Cera Stribley Architects designed the Robinson House for a busy business couple with teenage children. The clients were also quite specific with their functional brief and with an elevated and relatively open and level site to work with, this house is all about orientation and creating areas for living in at different times of the day. The foundation of the architecture was to create two rectangular forms perpendicular to one another to allow circulation around and between the forms.
The first floor, a black timber lined box and the lower rectilinear form created by intersecting in-situ concrete walls with timber, creates pockets of the house with contrasting atmospheres depending on materiality and the time of day, whilst fulfilling the owners desire to have materials that would age gracefully and compliment their personal art and object collections.
The familys’ beach home needed to accommodate up to 12 members of family and friends at any time, but rather than having a rabbit warren of rooms and halls, cleverly the bedrooms are located all off the main hall on the ground floor hidden away privately behind a timber batten joinery wall, allowing them all to have a garden outlook through their sliding doors opening up to the lawn and pool on the north side.
Envisioned for retreating from the midday sun, a sunken lounge on the ground floor provides that refuge, the concrete mass keeping the entire lower floor cool and shaded by the second living room structure above.
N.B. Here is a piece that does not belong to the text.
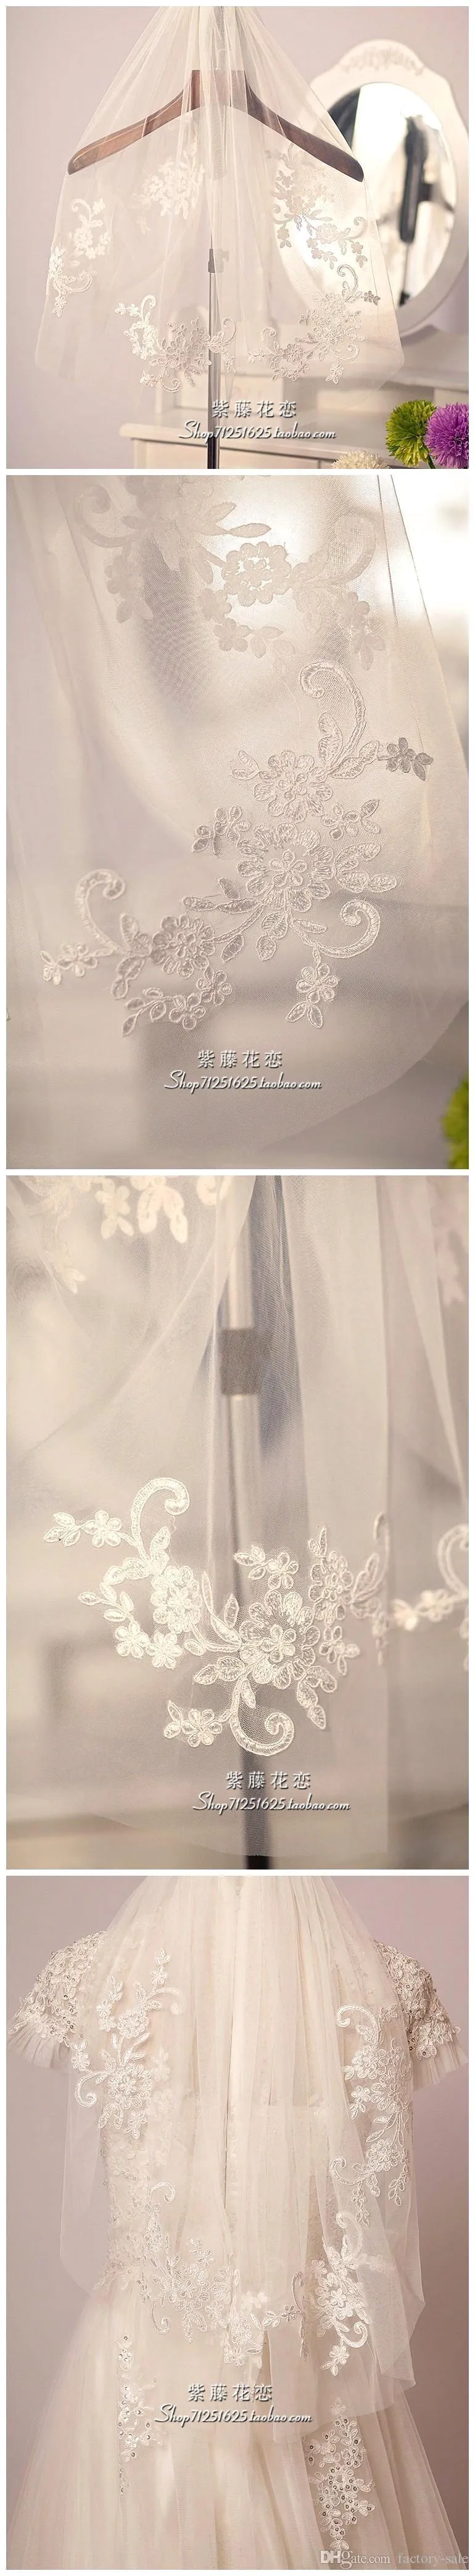 يزين رائع الرباط طول الكوع مع مشط الزفاف اكسسوارات الزفاف الحجاب cpa398 الأبيض العاج الحجاب شحن مجاني

With its outlook to the pool, the sunken lounge is a little bit retro, but is cosy with a fireplace for in the cooler months, it is easily able to respond to the malleable nature of modern family life on holiday no matter what time of year.
Contrasting this level, the more relaxed upstairs living room, kitchen, outdoor dining and hidden master are all housed in the oak lined black box above, overlooking the garden, and treetops of Portsea. The master bedroom also has its own outdoor bathtub, which in the afternoon, it is tempting to take a long soak in the shelter of shadows cast by the external shutters.
The massive slider doors across the east and west facades allow for full cross ventilation in the summertime, air-conditioning is seldom switched on and a large open fireplace keeps the area warm in winter. With the Australian sun being so bright, the ambiance created by light bouncing off the timber interior is so much more subdued, natural and more relaxing.
Light is harnessed within this house, visually amalgamating and highlighting the raw elements of the interior within the context of its site. With a decidedly minimal palette focusing on raw concrete, timber and steel; attention is diverted to the shadows cast from skylight mullions and the large eucalypt in the east. These cast artistic geometric patterns which extend and fuse the houses exterior into the interior. The shifting direction of the sun and fall of these shadows animate the architecture, signifying the spirit of the house, and further relating it to the life of the outside world.